In the case of a manually configured DNS like mine, the restore halts, and waits for some action to be performed for it.
The documentation doesn't warn about this. Instead I encounter a page saying "Waiting for DNS of <whatever>", which despite knowing that at some point I would need to manually re-assign the DNS, leaves me guessing as to what it's expecting. I don't actually want it to switch the DNS out from the old instance yet, and it's a bit alarming that this might have been done without allowing me to check that all is correct, first. This is what made me wonder if perhaps it wasn't the manual DNS reassignment it was waiting for, because surely that would be silly... And so I came here to ask for clarification.
So to sum up: I agree, it absolutely would be useful to be able to fully restore to another instance before switching the DNS. In fact I would argue that's essential for a safe restore process.
I would be interested to know whether this is possible or not - and in any case what I should expect the restore process to do, in what order? @mehdi, is this something you can speak authoritatively on?
-
@wu-lee said in Cloudron server restore is "Waiting for DNS of my.<hostname>":
What you seem to suggest is that if I had been using a supported DNS service, the cloudron installer would go right ahead and re-configure the DNS records to resolve to the new host.
Yes.
Although obviously this wouldn't work immediately, because of the propagation delay...
I believe cloudron configures the DNS with a short TTL, so that propagation does not take long, to avoid these issues. Not 100% sure though.
Leaving me with two installations, and the DNS records resolving unpredictably to one or the other...
The DNS would resolve to the new one, it would not be unpredictable. Why would it?
Or worse, if the restore failed at some point after the DNS reassignment, I could be left with the DNS records unpredictably resolving to a broken instance.
Surely that isn't really what anyone would want?However, if you turn the old instance back on, it would re-configure the DNS on itself, so there would be no problem.
I would be interested to know whether this is possible or not - and in any case what I should expect the restore process to do, in what order?
I do not know of any way of doing what you are asking for, but you can mitigate most of these problems by setting a low TTL time, which would basically remove all DNS propagation problems. Then you can restore to the new instance with minimal downtime.
@mehdi, is this something you can speak authoritatively on?
I cannot speak authoritatively on anything, I'm just another cloudron user
-
@mehdi said:
The DNS would resolve to the new one, it would not be unpredictable.
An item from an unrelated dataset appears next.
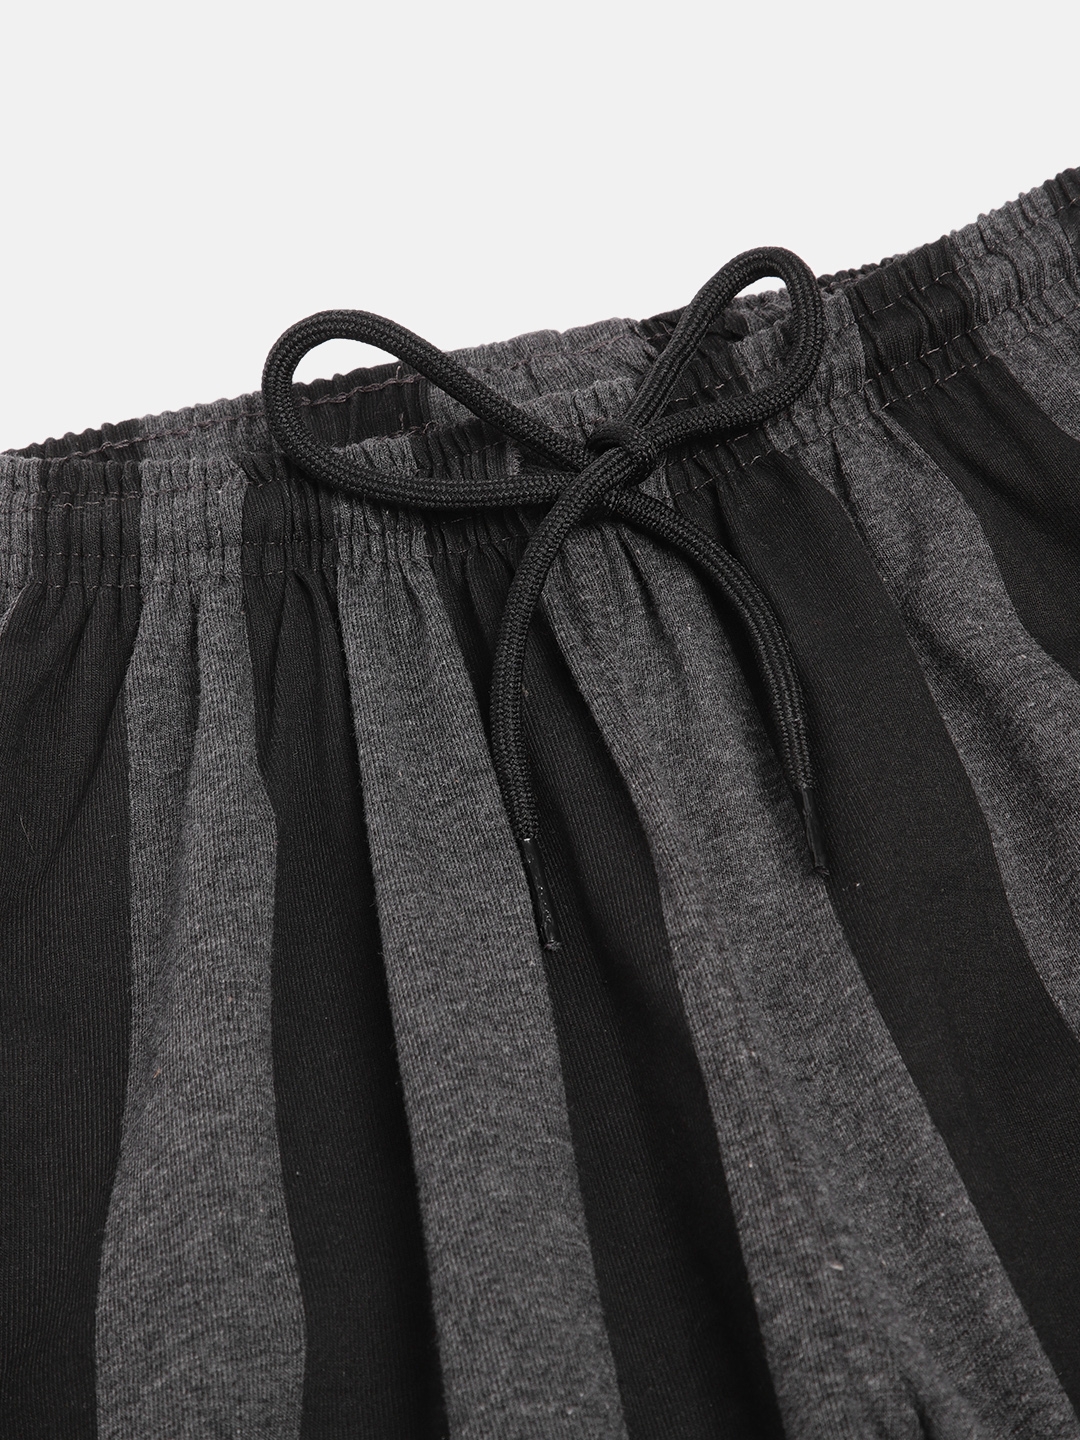 SEYBIL | Seybil teen girls cotton rich printed lounge shorts 5

Why would it?
What I mean is, for user A, their DNS server might switch quickly. For user B, it may take the full TTL. Who sees what is unpredictable for me, the admin. I would need to warn users to stay off the instance for the TTL period. In fact I'd probably want to shut off the original entirely.
I do not know of any way of doing what you are asking for, but you can mitigate most of these problems by setting a low TTL time, which would basically remove all DNS propagation problems. Then you can restore to the new instance with minimal downtime.
Ok, it would - but as I say, I would much prefer to know this in advance from reading the documentation.
I didn't see any option to set the TTL to something short, either in the original install or the restore, but then I have to use manual mode. It's possible the installer does this by default, I don't know.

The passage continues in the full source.